Disclaimer:

The following story is fictional and is NOT a depiction of facts.

“Where are you going?” she asked.

“I’ll be at my uncle’s place,” I said, without looking at her. “I’ll be back in a few days, okay?”

She draped me in a long, black coat and walked me to the front gate, holding a kerosene lamp that glowed luminously in the dark. 

“Don’t put yourself in harm’s way alright? Come home safe and sound.”

She smiled at me, and off I went. Till this day, I still recall the memory of that poignant moment vividly as if it had just occurred yesterday. The look on her face, combined with the glow of the lamp was the perfect definition of warmth and comfort. 

  • Jeom Myn-Rae

It was a chilly winter evening in North Korea when 17-year-old Jeom Myn-Rae fled her country. Nobody knew about her grand plans for a great escape — not her friends, siblings or even her mother.

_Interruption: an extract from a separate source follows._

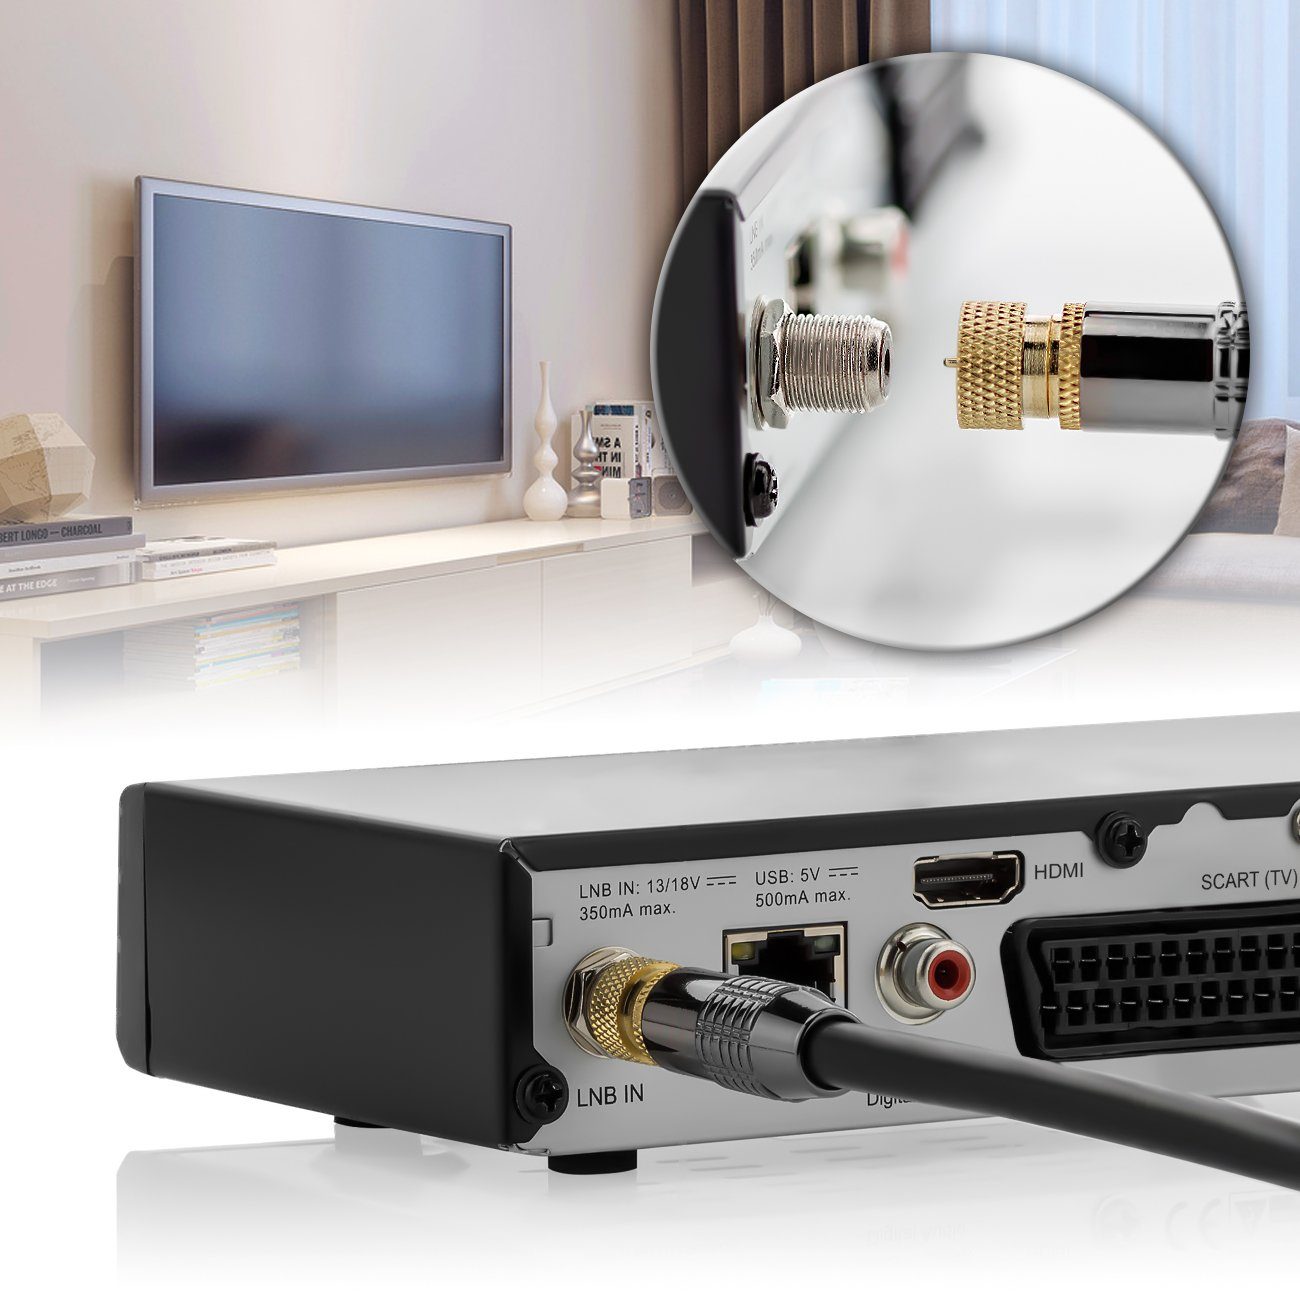 F-Stecker HDTV Antennenkabel deleyCON deleyCON - Schwarz zu 3m - SAT-Kabel SAT F-Stecker

No one. After all, she was well aware that even the slightest detail being revealed could prove to be the final nail in her coffin for in North Korea, she learnt the hard way to trust absolutely nobody but herself. In a society where perfidious personalities tend to be more common than not- everyone spied on everyone.

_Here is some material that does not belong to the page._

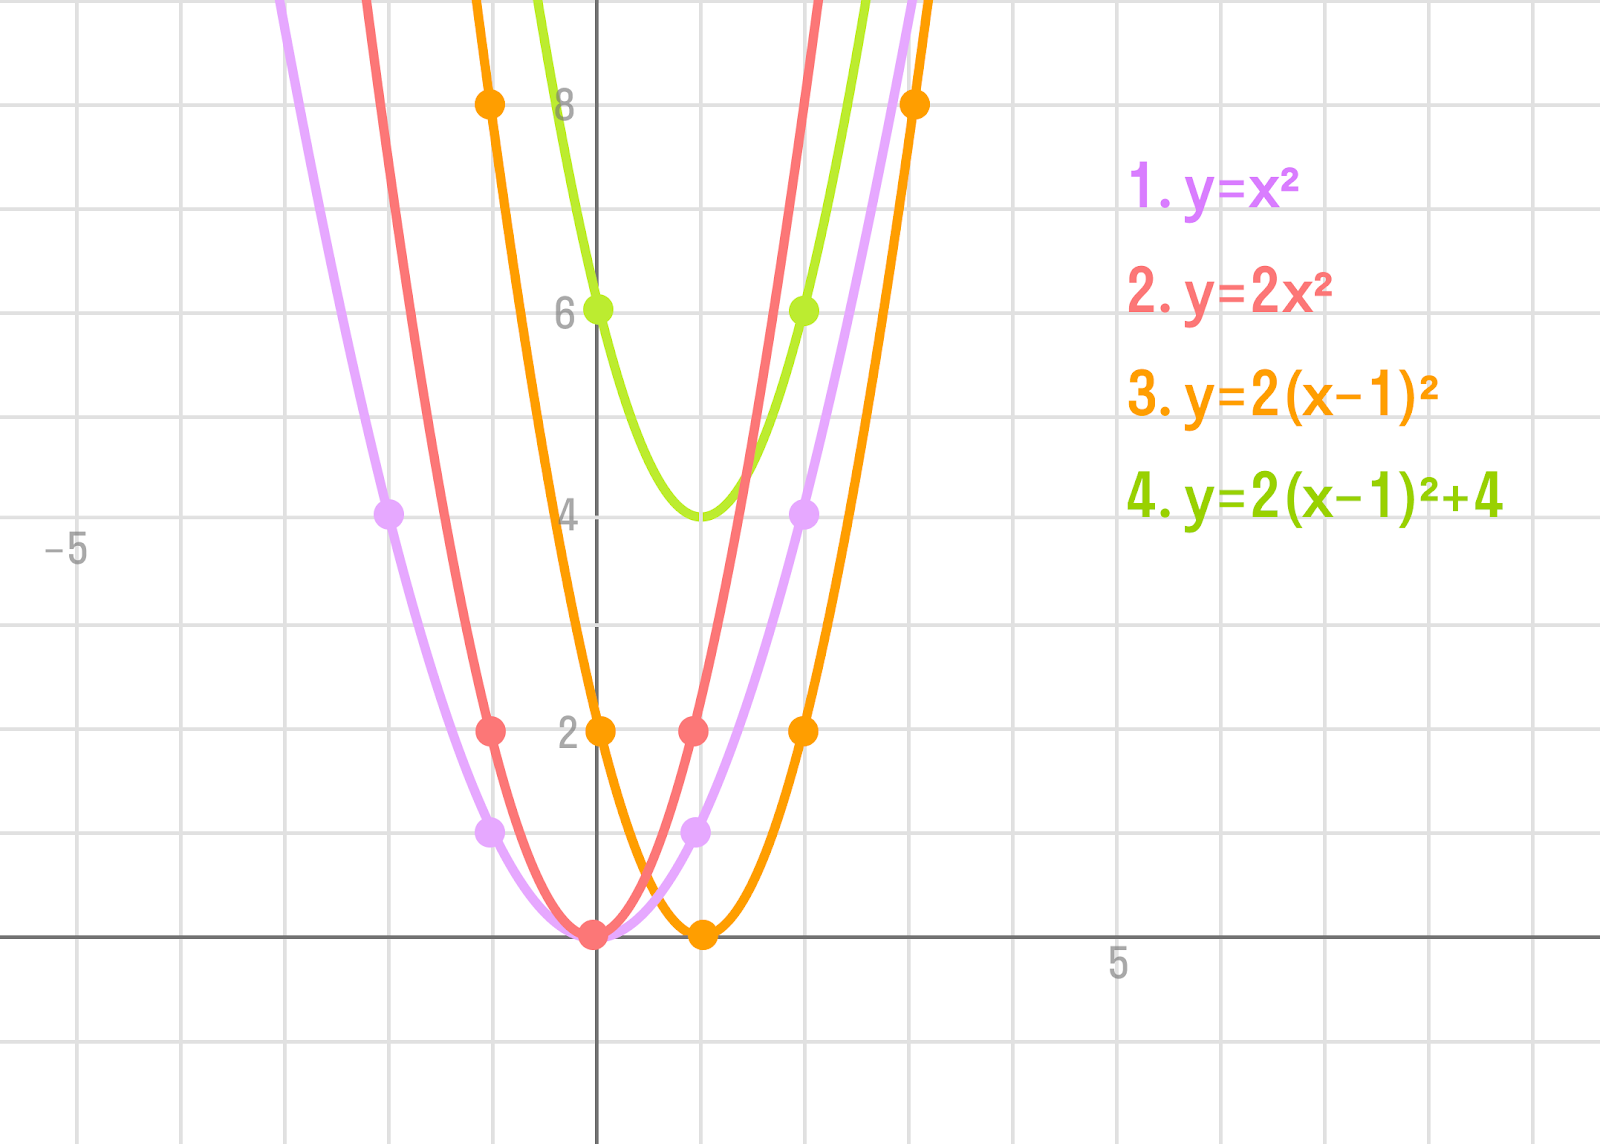 график параболы для каждого случая уравнения y = a * (x - x₀)<sup>2</sup> + y₀

“At the very last possible moment, I was really tempted to tell my mother that I was leaving the country,” she said, nearly three decades later. “Ultimately, I bit my tongue and lied to her that I was going to visit my uncle’s place in Pyongyang for a few days. I felt a jumble of emotions, all tugging my heartstrings at once just before I bid her goodbye. It was strange, yet painful at the same time.”

Jeom’s hometown of Sinuiju was close to the Chinese border. Only the Yalu River separated the borders of the two countries, where on the other side lay the Chinese city of Dandong (丹东). Every night, the city’s bright lights were a source of fascination in the eyes of Jeom, which gradually cultivated the thought of visitation with each passing day. 

Her family traded with the Chinese there, which allowed Jeom to befriend plenty of North Korean guards patrolling the area. This would greatly ease the infamously treacherous journey for Jeom alongside the heavily patrolled border.

When Jeom first stepped foot onto the frozen Yalu River, she thought that she’d be home in just a matter of days. Just a few days to sightsee and take a breather away from the stifling air of North Korea. But she never came back.

“In a flash, all I could hear was the Chinese language bouncing in and out of my eardrums from the mouths of chatty locals, which was the first time I’ve ever heard another language besides Korean,” recalls Jeom. “I didn’t know that was the last time I would ever see North Korean soil, nor did I know that I would never see my mum and family ever again.”

Living in North Korea

North Korea is a country characterised by a cult of personalities spanning three generations since the end of the Second World War — Kim II-sung, Kim Jong-il and Kim Jong-un. To say that it is a country from which very few escape and into which very little of the outside world seeps is an understatement. 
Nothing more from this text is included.